A: I like a little mystery, even though neither of the books are mysteries. But there is a mystery element to them. I like exploring the secrets that people keep from each other and then the secrets that are in the world, just waiting to be discovered.

Q: Are you somebody who sits down with particular themes in mind when you start to write? And if so, what are the ones you wanted to explore in this one?

A: No, I don’t generally have themes in mind. I do plot out my books, but I make changes as I go along. Usually the themes present themselves, and once I go back through editing I kind of enhance those if necessary. This time I knew I wanted a close mother-daughter relationship — close, but with some element of holding back between them. And I wanted the contrast with the duchess herself, who had very stormy relationships.

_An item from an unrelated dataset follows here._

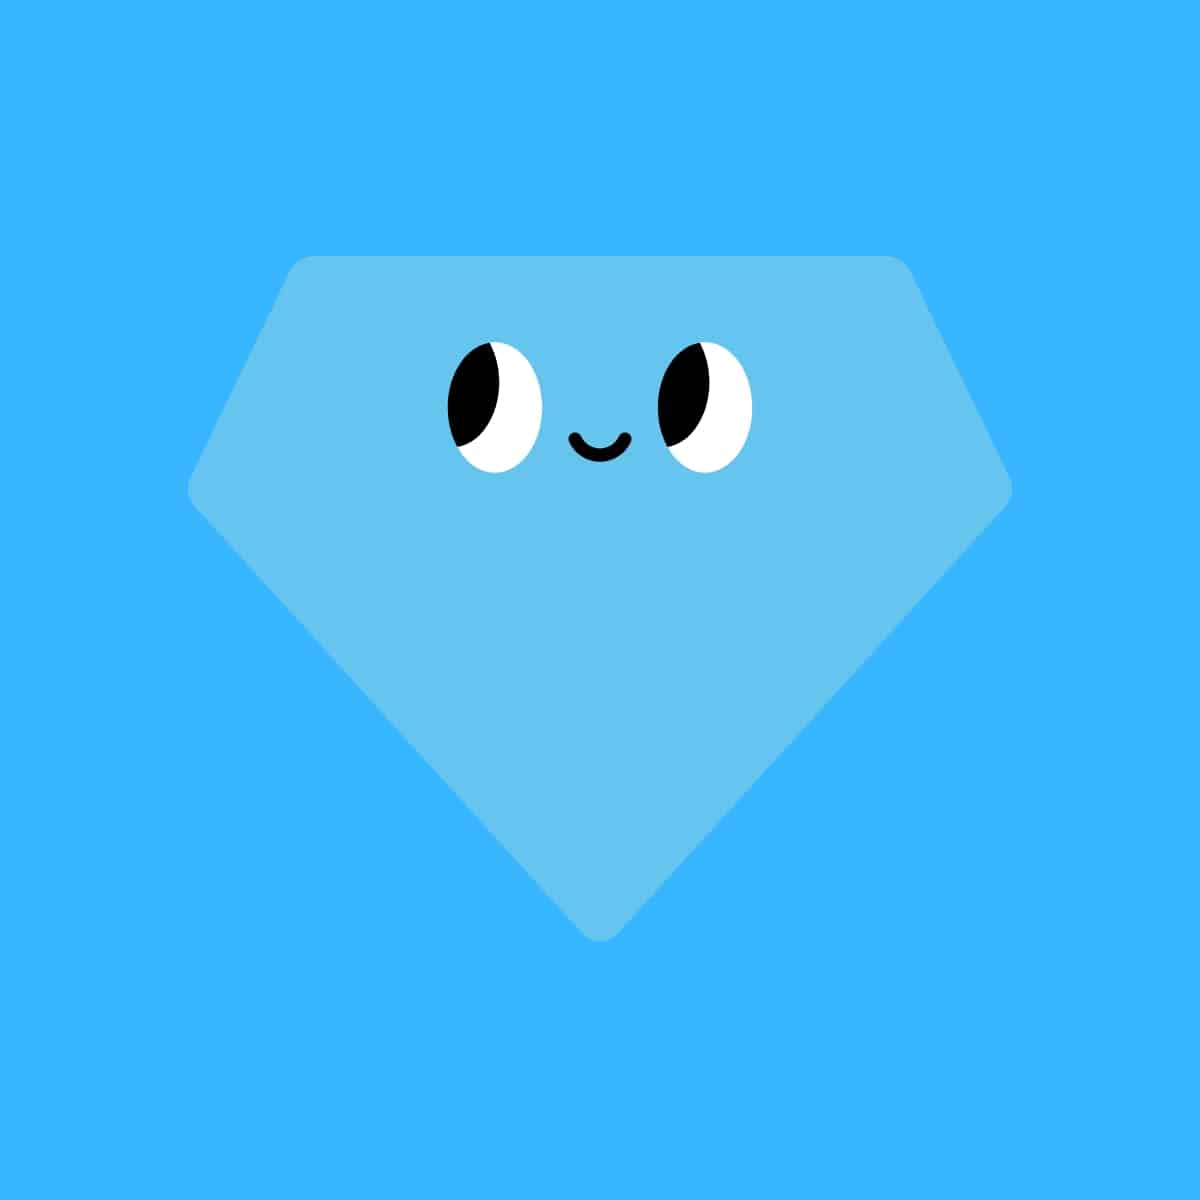 Cartoon graphic of a blue diamond with a smiling face on a blue background.
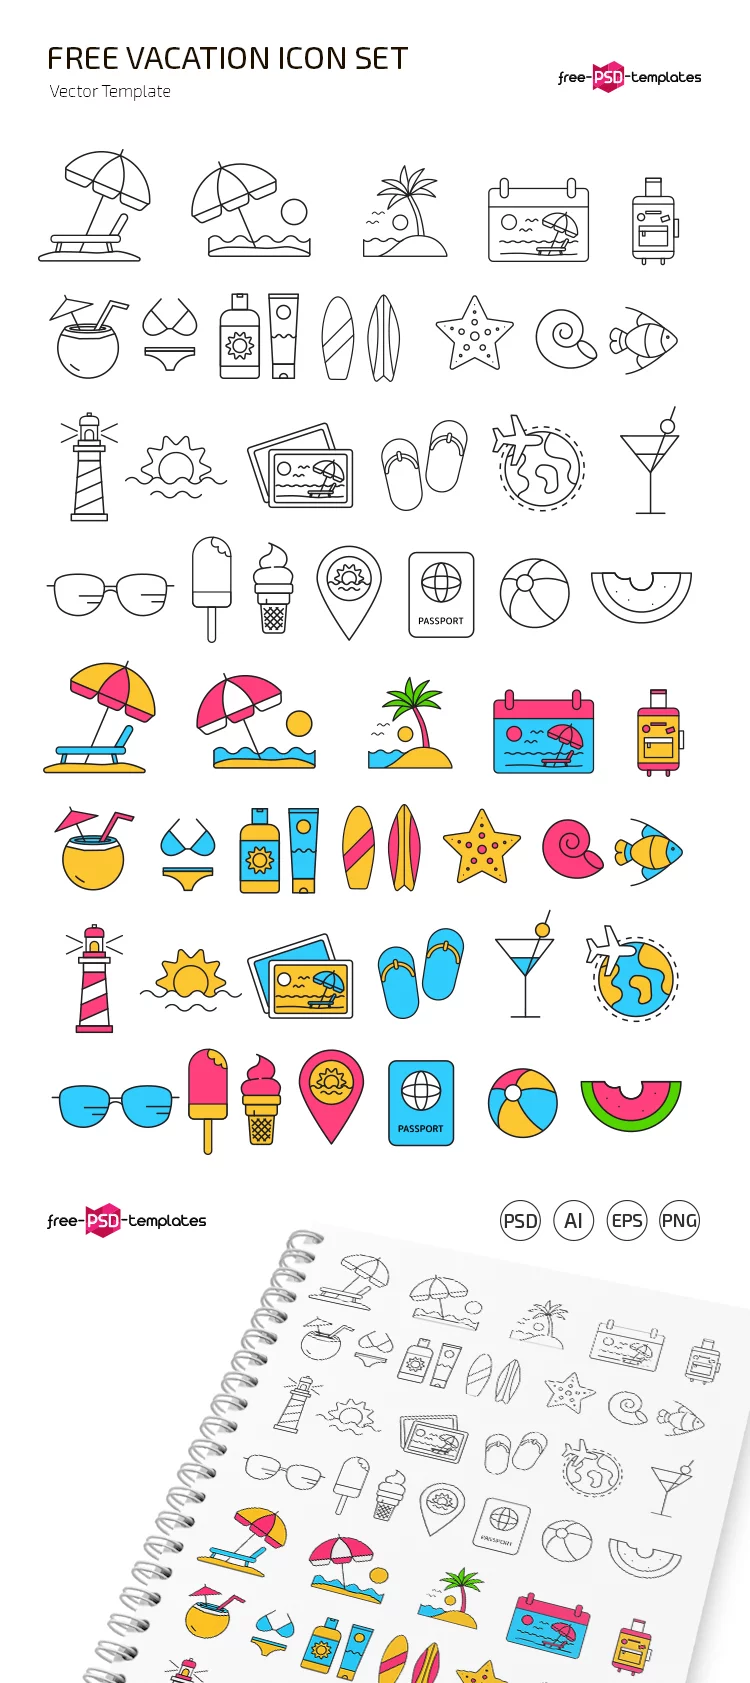 Free Vacation Icons Set (PSD, AI, EPS, PNG)

A big chunk of the novel takes place in the ’70s, sort of the tail end of the Vietnam War, which was very much out of favor. The more modern-day storyline is right after 9/11. It’s very much “Let’s go to war, let’s get those guys.” That juxtaposition of one war that was very supported and one that wasn’t was very interesting to me.

Q: How long have you wanted to be a writer?

A: Pretty much my entire life. My dad (Tom Gable) used to work at the Union-Tribune, and he was a writer. He gave me a book when I turned 10 called “Someday You’ll Write,” because he saw I was interested. I started writing then. My parents still have in their house horrible manuscripts I wrote when I was in junior high. I went to college (William & Mary) and studied accounting, because of course that’s what writers do.

Q: I was going to ask you about that.

A: It’s kind of funny because it does seem very different. I did know that I wanted to live in San Diego, and so I was going to need an actual job and not be a starving artist. But I think ultimately it actually helps with the writing because you do have to have structure and balance in your writing, and that’s very much part of accounting and finance.

I accidentally got put in an accounting class in high school at Torrey Pines, and I ended up loving it, so that’s what I decided to major in. I knew after college I was going to need to support myself. I could always write on the side. Many, many years later I decided to do something with it.

Q: You have a day job here in San Diego (investor relations for a software company) and a family with kids. So are you an early riser or a night owl when it comes to your writing?

A: I’m definitely an early riser. If I’m doing something at night, it’s usually my other work. I was reading something in a writing magazine recently, some advice thing, and it was saying something along the lines of how being very busy is good for writing, because then it feels like an escape rather than a chore. And for me that’s so true. It feels like a treat to me. It is an escape. My husband plays golf; I write books.

Q: What do you enjoy about doing it?

A: It’s so hard to say. It’s just fun for me. I like thinking about the characters. I like exploring different topics. And I can get so wrapped up in the research. That’s probably my favorite part, really. Any book that sends me Googling to find out more — I love that, and I hope the books I write send the readers Googling, too.